48.In conclusion, I propose that the Court should answer the questions put to it by the Court of Appeal as follows:
48."The adoption, by a body created by the State and possessing rights and powers derogating from the generally applicable rules of law, of an ethical rule the non-observance of which may lead to disciplinary proceedings may constitute a public measure for the purposes of Article 30 of the Treaty;
48.A national provision whereby a pharmacist is in all events required, when dispensing a prescription designating a medicinal product by its trade mark or its registered name, to supply exclusively a product bearing that mark or name is not incompatible with Article 30 of the Treaty even where it precludes the supply by the pharmacist of a product of equivalent value, authorized by the national authorities under provisions adopted in accordance with the judgment in Case 104/75 and manufactured by the same company or the same group of companies, or by the owner of a licence from that company, but bearing a mark or a name used for that product in a Member State which is different from that mentioned in the prescription."
(*) Original language: French.
(1) See in particular the judgments of 29 February 1968 in Case 24/67 Parke, Davis & Co. v Centrafarm ((1968)) ECR 55, of 31 October 1974 in Case 15/74 Centrafarm v Sterling Drug ((1974)) ECR 1147, of 31 October 1974 in Case 16/74 Centrafarm v Winthrop ((1974)) ECR 1183, of 20 May 1976 in Case 104/75 de Peijper ((1976)) ECR 613, of 23 May 1978 in Case 102/77 Hoffmann-La Roche v Centrafarm ((1978)) ECR 1139, of 10 October 1978 in Case 3/78 Centrafarm v American Home Products Corporation ((1978)) ECR 1823, of 14 July 1981 in Case 187/80 Merck v Stephar and Exler ((1981)) ECR 2063 and of 3 December 1981 in Case 1/81 Pfizer v Eurim-Pharm ((1981)) ECR 2913.
(2) Cited above in footnote 1.
(3) Paragraph 1.4.(ii) and (iv).
(4) Statement of 12 July 1986 confirmed by a letter of 12 August 1986 rejecting a request to revoke that statement.
(5) Cited above in footnote 1, paragraphs 15, 20, 21 and 22.
(6) I use this term in my opinion for the sake of convenience. To my mind, it is clear that such usage does not reflect any reservations about the equivalence between the prescribed product and the product supplied in such a case.
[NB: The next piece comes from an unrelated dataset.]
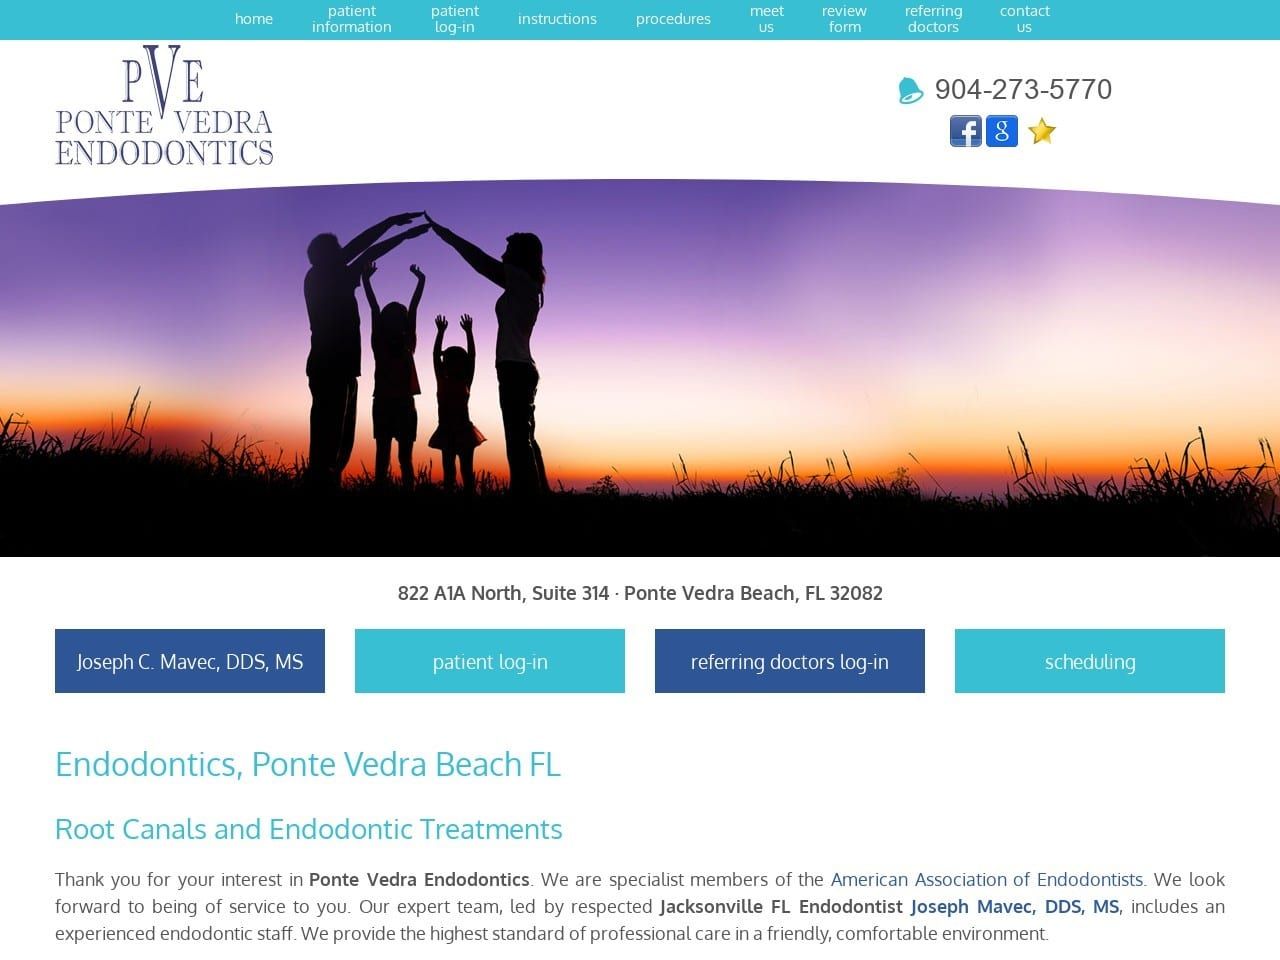 Ponte Vedra Endodontics Website Screenshot from pv-endo.com

(7) Judgment of 22 September 1988 in Case 45/87 Commission v Ireland ((1988) ECR 4929).
(8) Judgment of 24 November 1982 in Case 249/82 Commission v Ireland ((1982) ECR 4005).
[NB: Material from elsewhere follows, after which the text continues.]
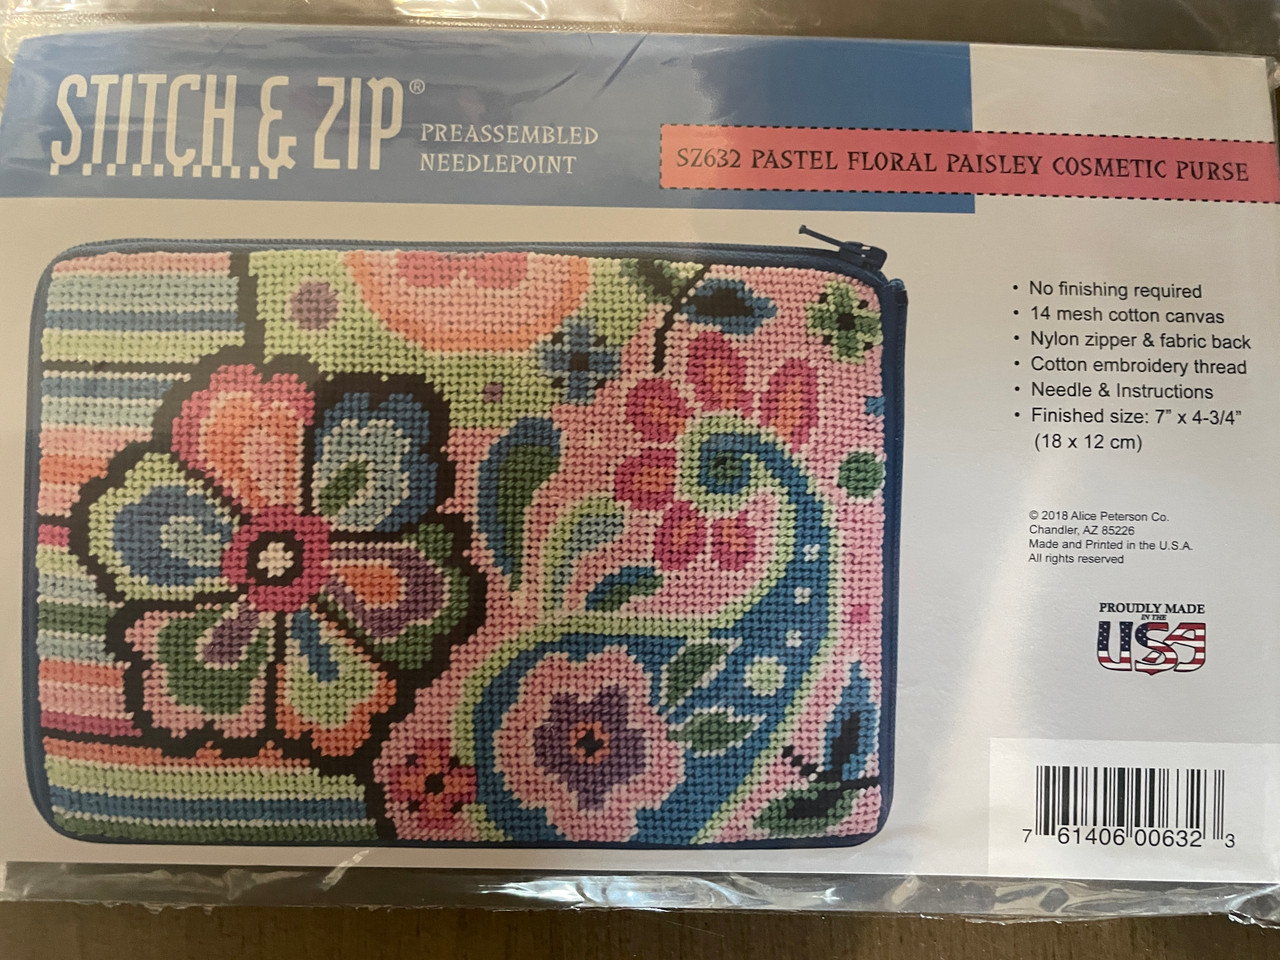 Stitch and Zip Needlepoint Kits

(9) Judgment of 1 October 1987 in Case 311/85 Vlaamse Reisbureaus ((1987) ECR 3801).
(10) Judgment of 11 July 1974 in Case 8/74 Procureur du Roi v Dassonville ((1974) ECR 837).
(11) Judgment of 31 March 1982 in Case 175/81 Blesgen v Belgium ((1982) ECR 1211, in particular paragraph 9 at p. 1229.
(12) Judgment of 7 February 1984 in Case 238/82 Duphar BV and Others v Netherlands ((1984) ECR 525.
(13) Paragraph 20, my emphasis.
(14) Case 238/82 Duphar, cited above, paragraph 20, my emphasis.
(15) Cited above, footnote 1.
(16) Paragraph 11, my emphasis.
(17) Paragraph 12.
(18) Paragraph 13, my emphasis.
(19) Paragraph 17.
(20) Case 3/78 Centrafarm v American Home Products, cited above, paragraph 15.